We know that the satellite signal will be present for 55/360 of this distance. Using your calculator, 55/360 represents .1528 of the total circle. Thus, if we multiply the Earth's circumference (25,500 miles) by .1528, we can determine the distance (diameter) of our acquisition circle, which in this case is equal to 3896 miles. Half of that, or R, is 1948 miles. For a receiver in Maine, a satellite following the path as indicated on Figure A would be somewhere south of Cuba when the signal is first heard (AOS), and to the north of Hudson Bay when the signal is lost (LOS).

Question 5

Let's look at some numbers. Remember that it takes 102 minutes for a NOAA-class satellite to make one complete orbit around the Earth. We now want to determine the fractional part of the orbit, the exact time inside our acquisition circle, that the signal will be usable to us. Using the same math as before, the satellite will be available for 55/360 of one complete orbit. As previously defined, 55/360 = .1528. This number times the orbital period of 102 minutes yields 15.6 minutes. This means that on an overhead pass, we can expect to hear the satellite's signal for approximately 15.6 minutes. Using a reliable receiver with outside antenna will in fact yield the above reception time.

Question 6

The Earth rotates 360 degrees in 1440 minutes. Thus:

360 / 1440 = .25 degrees/minute

Question 7

If the Earth rotates .25 degrees each minute, then:

.25 x 60 = 15 degrees/ hour

Question 8

If the Earth rotates .25 degrees each minute, then:

.25 x 102 = 25.5 degrees/orbit

Question 9

The satellite crosses the equator at 0 degrees west longitude. The next equator crossing will be 102 minutes later, and located 25.5 degrees west. Thus, the next equator crossing will take place at 25.5 degrees west longitude. For the next orbit, it will again be 25.5 degrees further west, which would place this crossing at 51 degrees west longitude (25.5 + 25.5).

Question 10

The satellite will be on its 15th orbit at the end of 24 hours since it completes 14 orbits in one day and begins a 15th. More precisely:

1 orbit  X  1440 minutes = 14.12 orbits

-------     ------------   ------------

102 min.      1 day           1 day

Question 11

The satellite will travel the equivalent of the circumference of each orbit, or 25,500 Earth miles. However, the circumference at orbital altitude is approximately 38,850 miles.

Question 12

25,500 miles/orbit x 14.12 = 360,060 miles/day (approx.). These are miles traveled at ground level. More precisely, the circumference of the orbital circle is about 28,850 miles, thus:

28,850 miles/orbit x 14.12 = 407,362 miles/day

Question 13

At least four times/day. The satellite will usually come within range on two consecutive orbits, sometimes three. Usually figure on a pass to the east of your location, nearly overhead, and then to the west. Remember that at one part of the day the satellite will be on an ascending pass (crossing the equator going north) and at another time of the day the satellite will be on a descending pass (crossing the equator going south).

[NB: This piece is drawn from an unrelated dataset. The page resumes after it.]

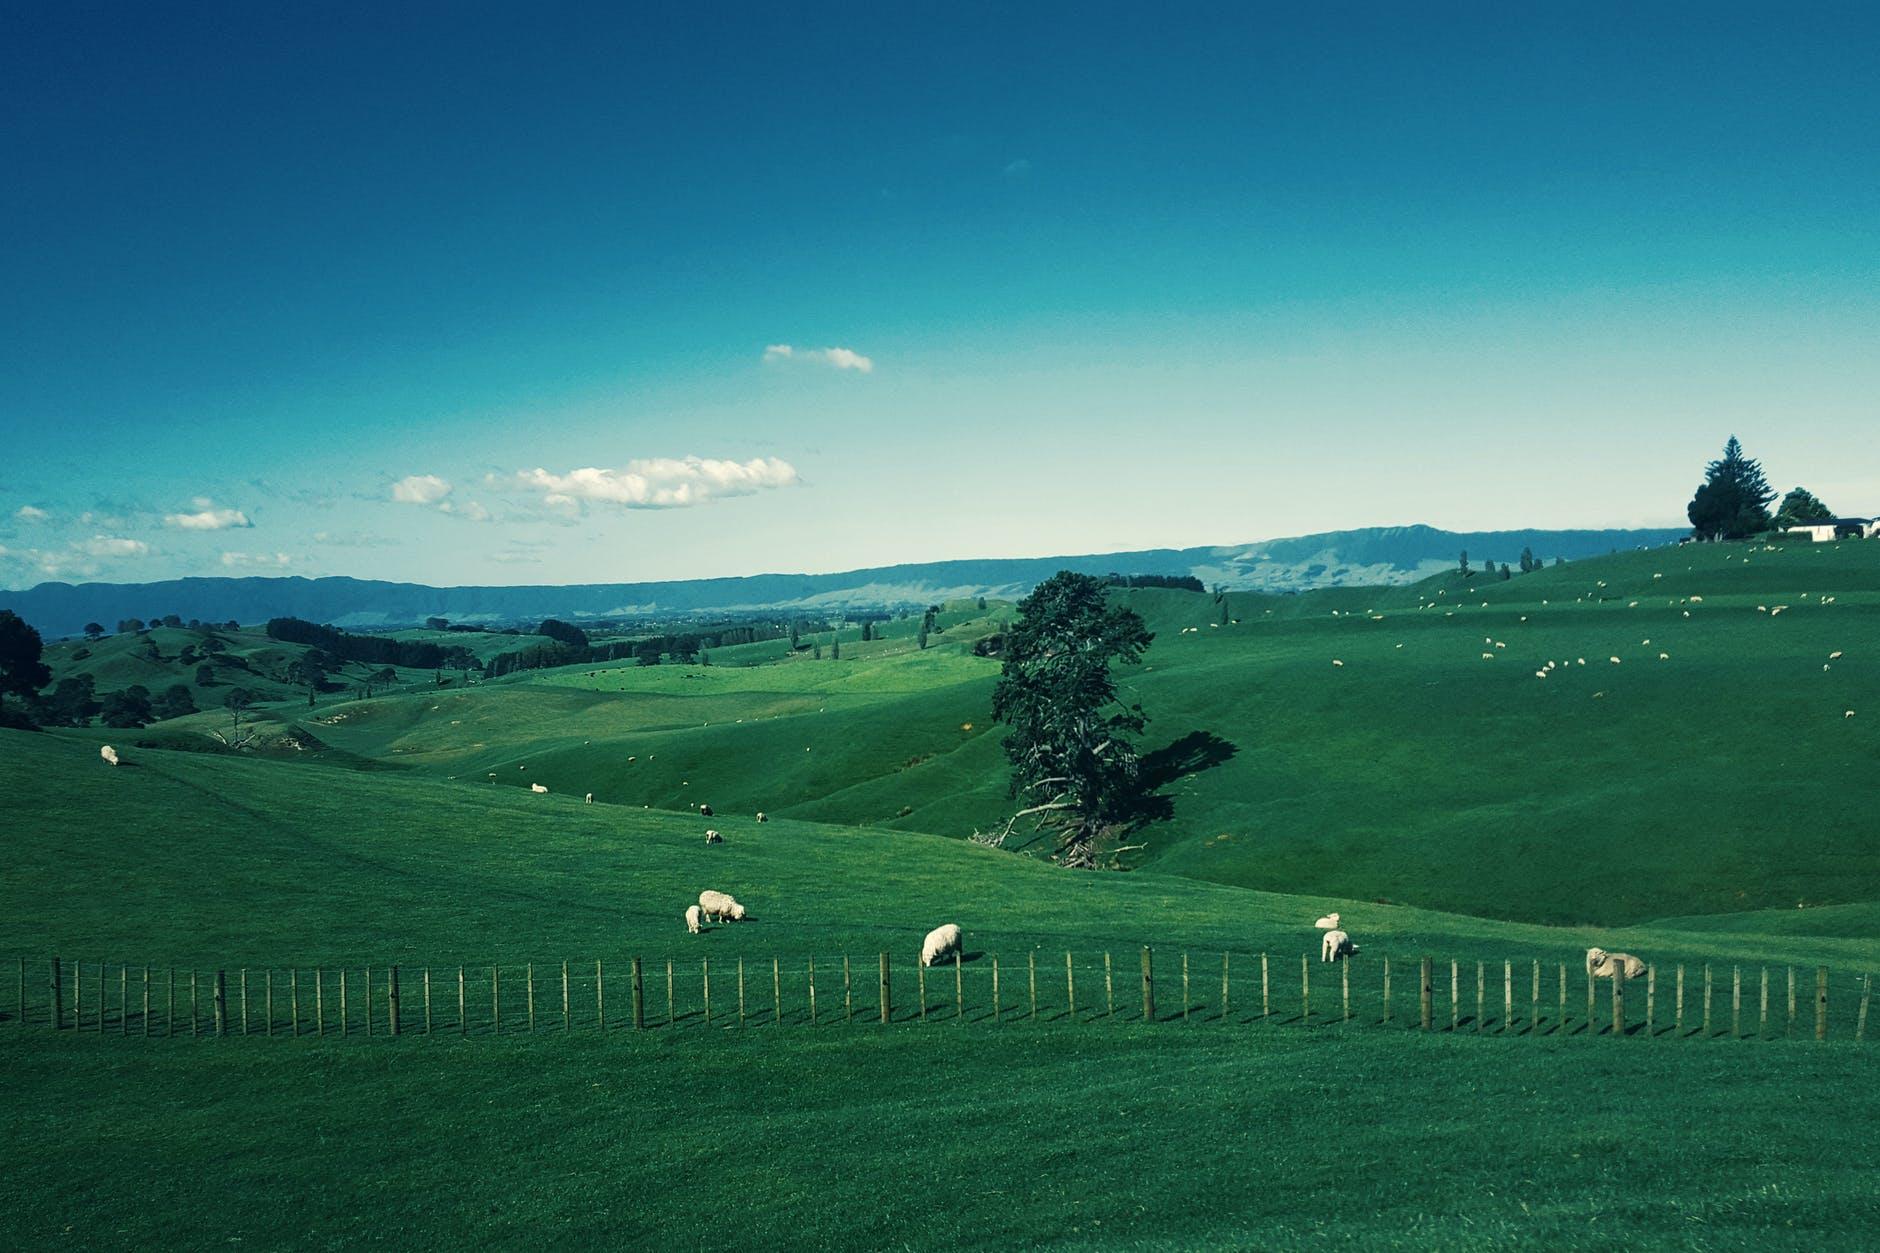 Our last stop: Dunedin, New Zealand

Here is one final activity which will test your understanding of orbital parameters. Assume you are tracking a NOAA-class satellite with an orbital period of 102 minutes, and a longitudinal increment of 25.5 degrees west/orbit.

Complete the chart for the remaining five orbits.

Orbit #    Equator Crossing (EQX)	 Time

   1		0 degrees		1200 UTC






Here's what you should have:

   2 	    25.5 degrees       	1342 UTC

   3		51.0 degrees     	1524 UTC

   4		76.5 degrees     	1706 UTC

   5		102 degrees        	1848 UTC

   6		127.5 degrees	   	2030 UTC


  • 12-inch globe
  • length of #10 wire (20" to 40") to project orbital plane
  • clear plastic strip to project width of Earth image
  • data for a NOAA-class satellite
  • ruler
  • protractor
  • compass